The 2D cylinder is a fundamental shape that we use to investigate thermochemical ("real-gas") effects of high enthalpy air and validate facility operation. We have made Schlieren measurements of shock shape in the non-equilibrium flowfield and compared to computed solutions. Here, I have simulated 10MJ/kg air with two different vibration-dissociation coupling models -- CVDV and Park/T-Tv. Although I saw at least some effects on the double cone geometry, the shock shape predicted by both models matches the measured shape accurately.

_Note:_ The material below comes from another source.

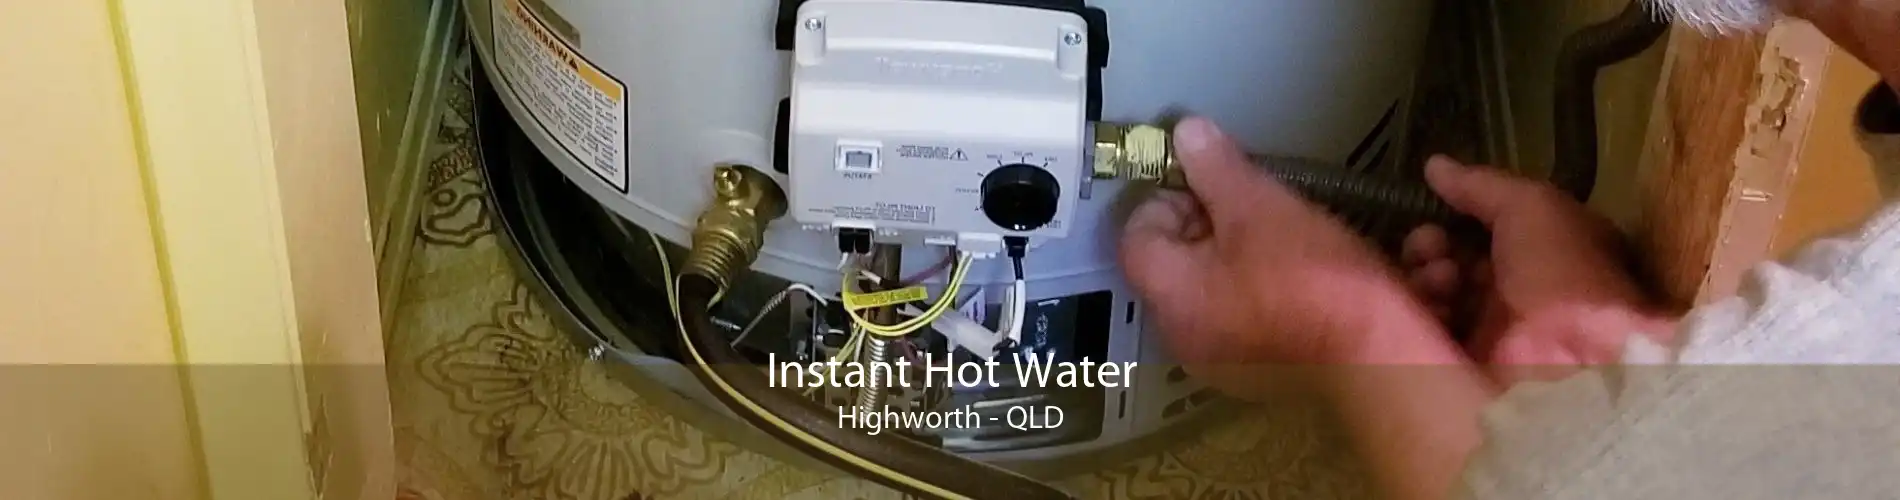 Instant Hot Water Highworth - QLD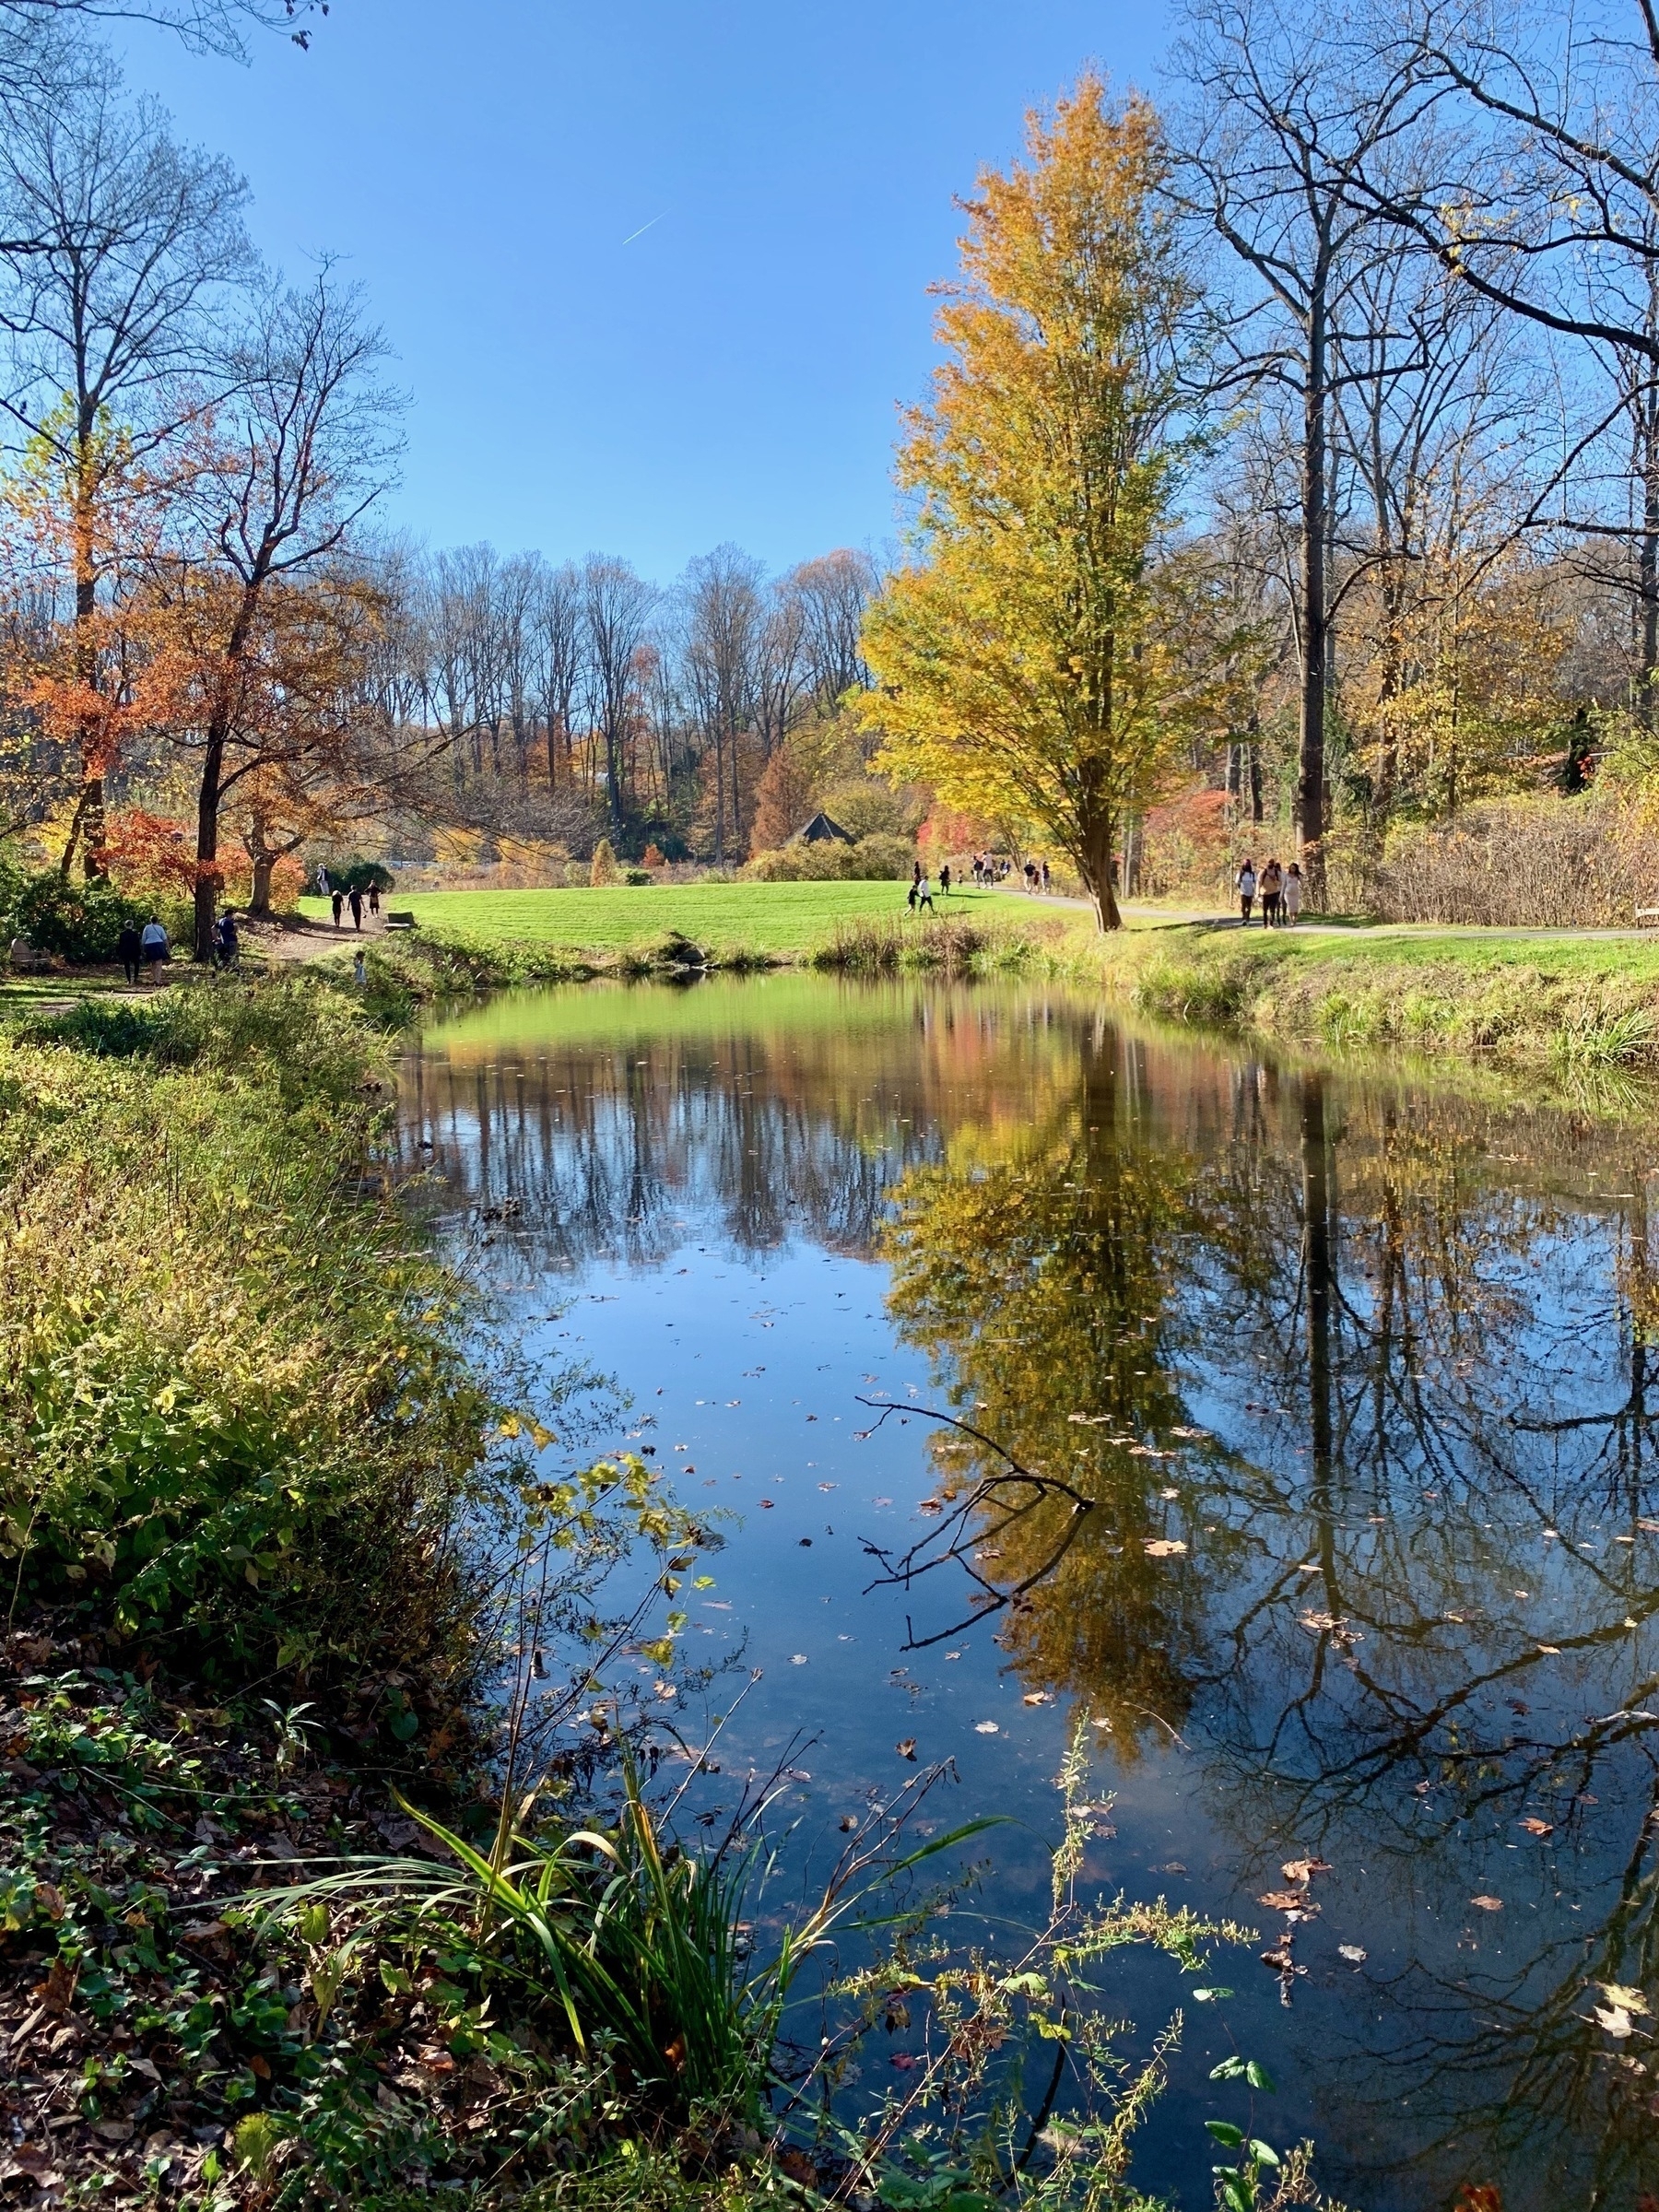 A still pond mirrors an early fall landscape under a clear blue sky.

The effect of catalytic heating on the model, however, is less clear. As in the case of the CO2 testing, we measure significant catalytic heating on the models in air. Although the percentage of catalytic heating compared to the total is less than it was for CO2, the level is significant. The model predicting full-catalytic recombination (this time to pure O2/N2) again matches best in the stagnation region, though there is evidence that the level of recombination falls off as a function of angle on the cylinder. None of the constant efficiency rate models predict the heating pattern accurately.

Ionized Flows

	As part of my work to design experiments for the shock-tunnels, I have analyzed experiments such as RAM-C and Stardust where ionization plays a critical role in the performance of the vehicle. For vehicles such as RAM-C, accurate characterization of the electron field in the shock layer are necessary to predict communication attenuation and blackout.
	For a high velocity reentry at 11.5 km/s such as the Stardust vehicle experienced, the coupling of the electron formation to the thermodynamic state of the heavy articles can have dramatic effects on flowfield features such as radiation heating to the vehicle surface.

Hypersonic Nozzles

One of my most fundamental tasks is facility validation. I simulate the facility itself to assess flow quality, check out new conditions, design upgraded components, etc. Here, I have compared to measured Pitot pressure profiles at 5MJ/kg and 10MJ/kg. Pitot pressure is the first measure of facility validation. We have also compared to hemisphere probes, compared to shock shapes on fundamental geoemtries, and compared to non-intrusive diagnostics measurements of species density, temperatures, and flow velocity as part of this work.